Фарфор и бронза на столе, И чувств изнеженных отрада. Духи в граненом хрустале...
Стихи эти против воли шептались в его жилище. Чудная жизнь! Обедает в пятом часу; заедешь к нему поутру, он играет на превосходном рояле; мать пройдет вдали по большим комнатам, вся в бархате и горностае... Зайдет отец: как вежлив! как сед! какой здоровый цвет лица! На чорном фраке кульмский крест и звезда; сапоги мягкие; улыбка еще мягче. Пожмет руку мне, поговорит с нами и уйдет.
С Яницким я не мыслил; но зато во мне пробуждались такие легкие надежды, такие воздушные думы!
О чем мы говорили с ним?
-- Здравствуй!
-- Здравствуй!
-- Ты был вчера там? Видел ту?
-- Приезжай ко мне обедать en tete-a-tete...

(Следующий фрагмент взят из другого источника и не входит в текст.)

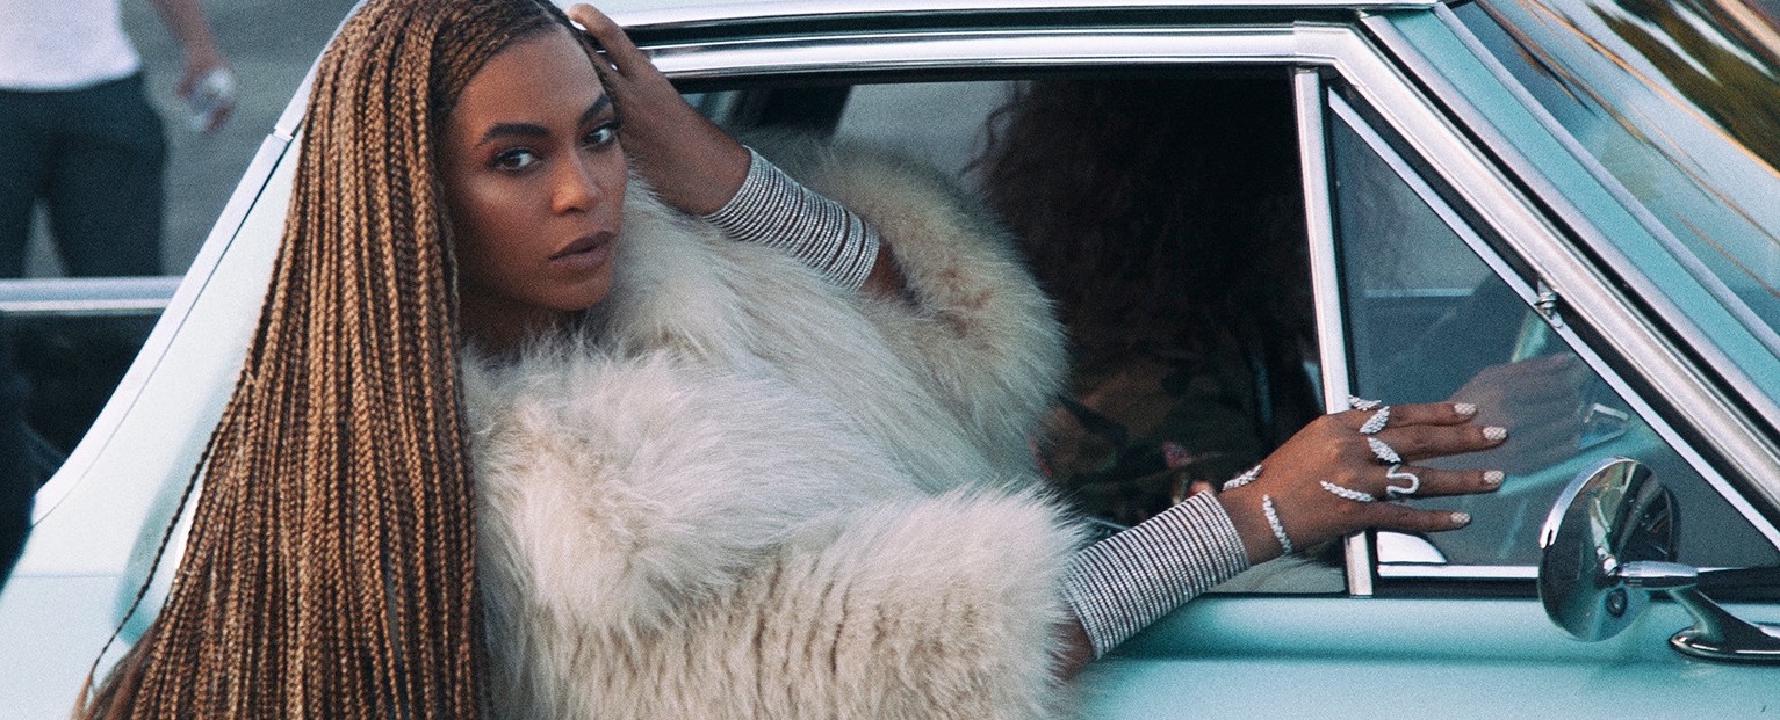 Promofoto von Beyoncé.
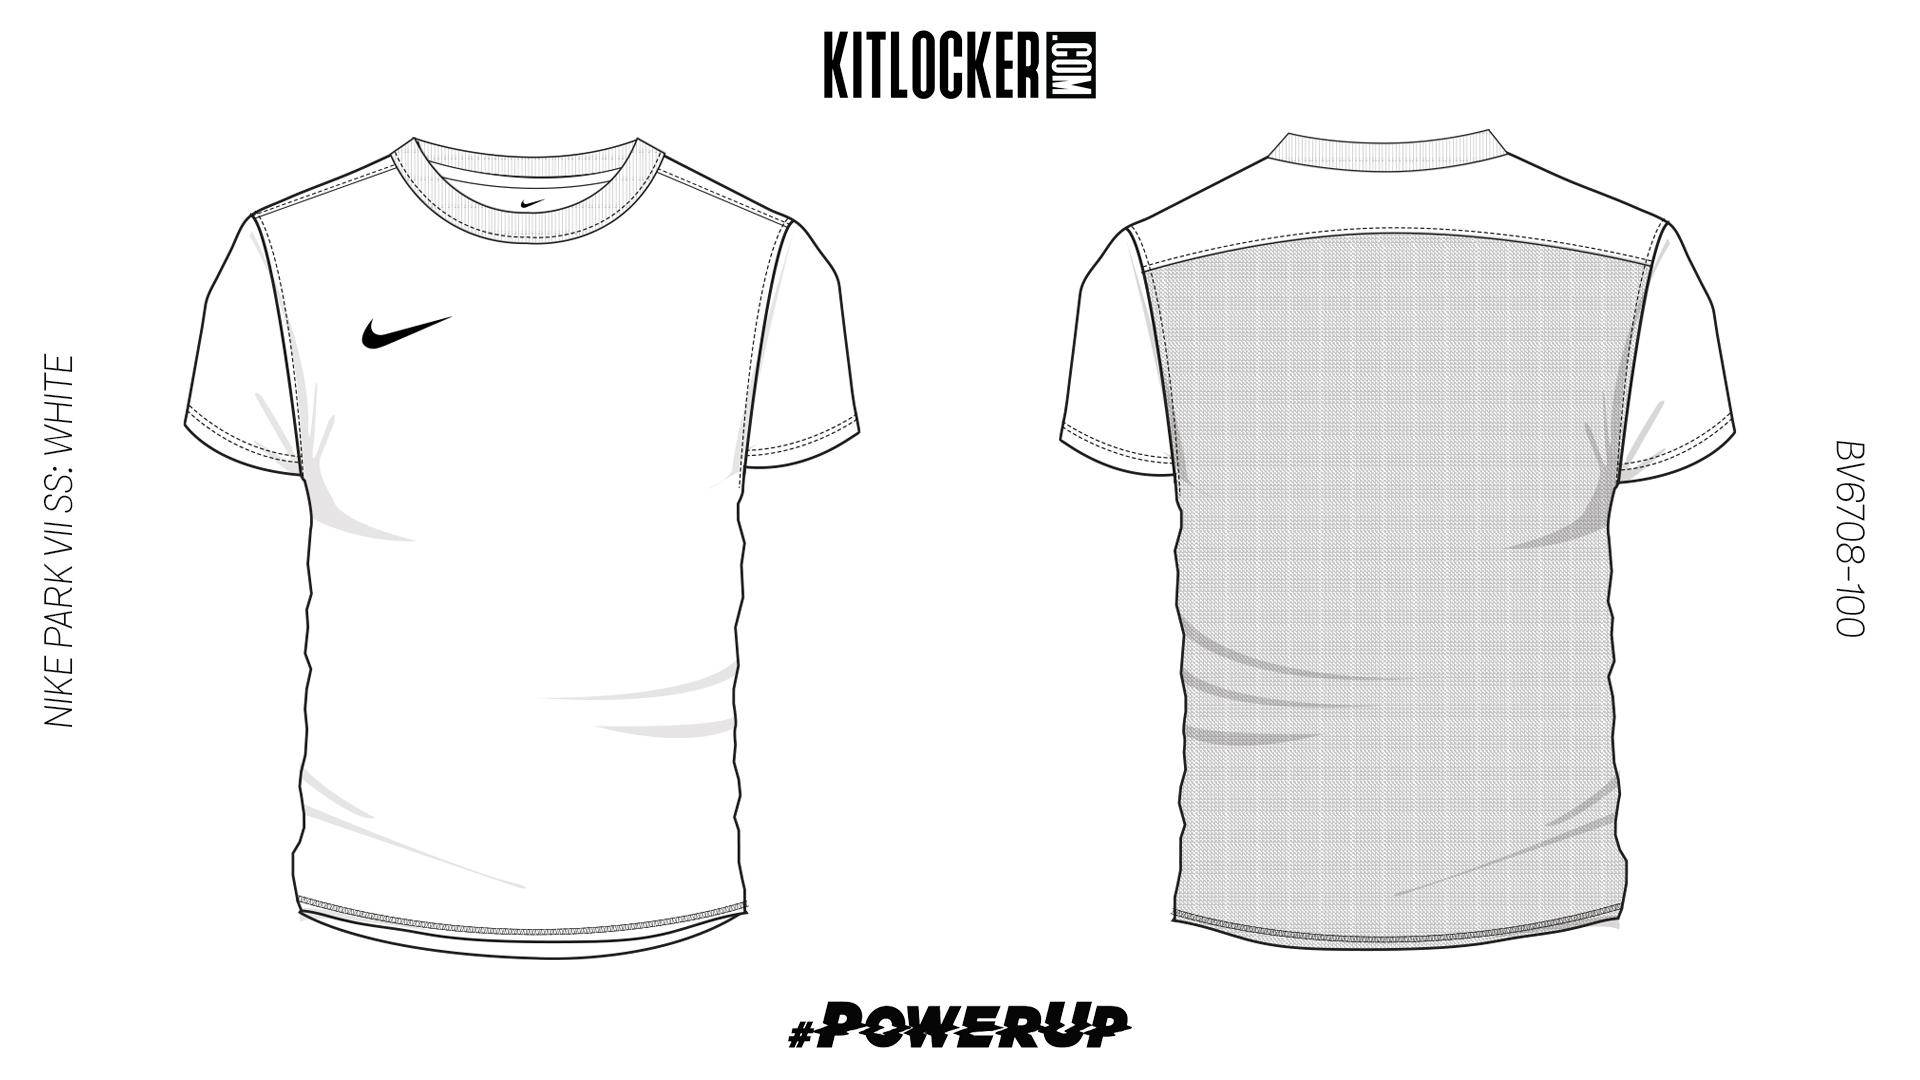 Design Your Own #PowerUp Kit - Kitlocker.com Blog

-- Я покажу тебе статуетку, которую привезли мне из Парижа.
-- Поедем! Пойдем...
Все факты да факты!.. Утомишься, наконец, и пойдешь к Юрьеву. "Зачем, -- думал я, -- не найду я до сих пор ни одного человека, который был бы и Яницкий и Юрьев вместе? Где этот человек? Да не я ли уж этот избранник? Конечно, я не так умен, как Юрьев, и не так блестящ и не так грациозен духовно, как Яницкий... Что ж, тем лучше! Если они выше меня на двух концах, то я полнее их. Я как лиловый цвет -- смесь розового с глубоко синим!" Яницкий нередко бывал у Карецкой; я думал, что он имеет виды на одну из дочерей, и, охотно уступая ему старшую или младшую, когда она подрастет, не раз завидовал их доброй матери: "Какие у тебя будут зятья! Счастливая женщина!" Однажды вечером я вздумал пойти пешком к Карецким. Юрьев провожал меня. Когда передо мной растворилась дубовая дверь огромного дома и оттуда блеснули лампы, узорная лестница и колонны, Юрьев сказал: "Прощай, Володя. Иди туда, где светло! да будь смелее... успех тебя ждет везде!"
Я с чувством благородной радости пожал его руку и вошел. Из дальних комнат слышна была музыка. Лиза сидела за роялем; Елена пела, стоя около нее; Софья ходила под руку с Дашей; около них был Яницкий. Даша сказала, что от ее волос сыплются искры в темноте и предложила испытать это на деле. Англичанка позволила. Все были очень рады. Лиза побежала за гребнем, принесла его, и мы пошли в небольшую темную комнату, около парадной лестницы. Стали в кучку; Даша распустила прядь передних волос и начала чесать их гребнем. Искры посыпались -- все были в восторге. "Что это значит? -- спросила меньшая (Мария), -- это не значит ли, что вы сердиты, Даша? Дайте, я попробую..." Я стоял рядом с Софьей; плечо ее, покрытое чем-то легким, было около моего лица. Я осмотрелся: все заняты волосами Мари -- нагнулся и поцаловал милое плечо. Плечо дрогнуло, но сама она не шевельнулась. У Мари не было искр. "Нет ли у Сони?" -- сказал кто-то.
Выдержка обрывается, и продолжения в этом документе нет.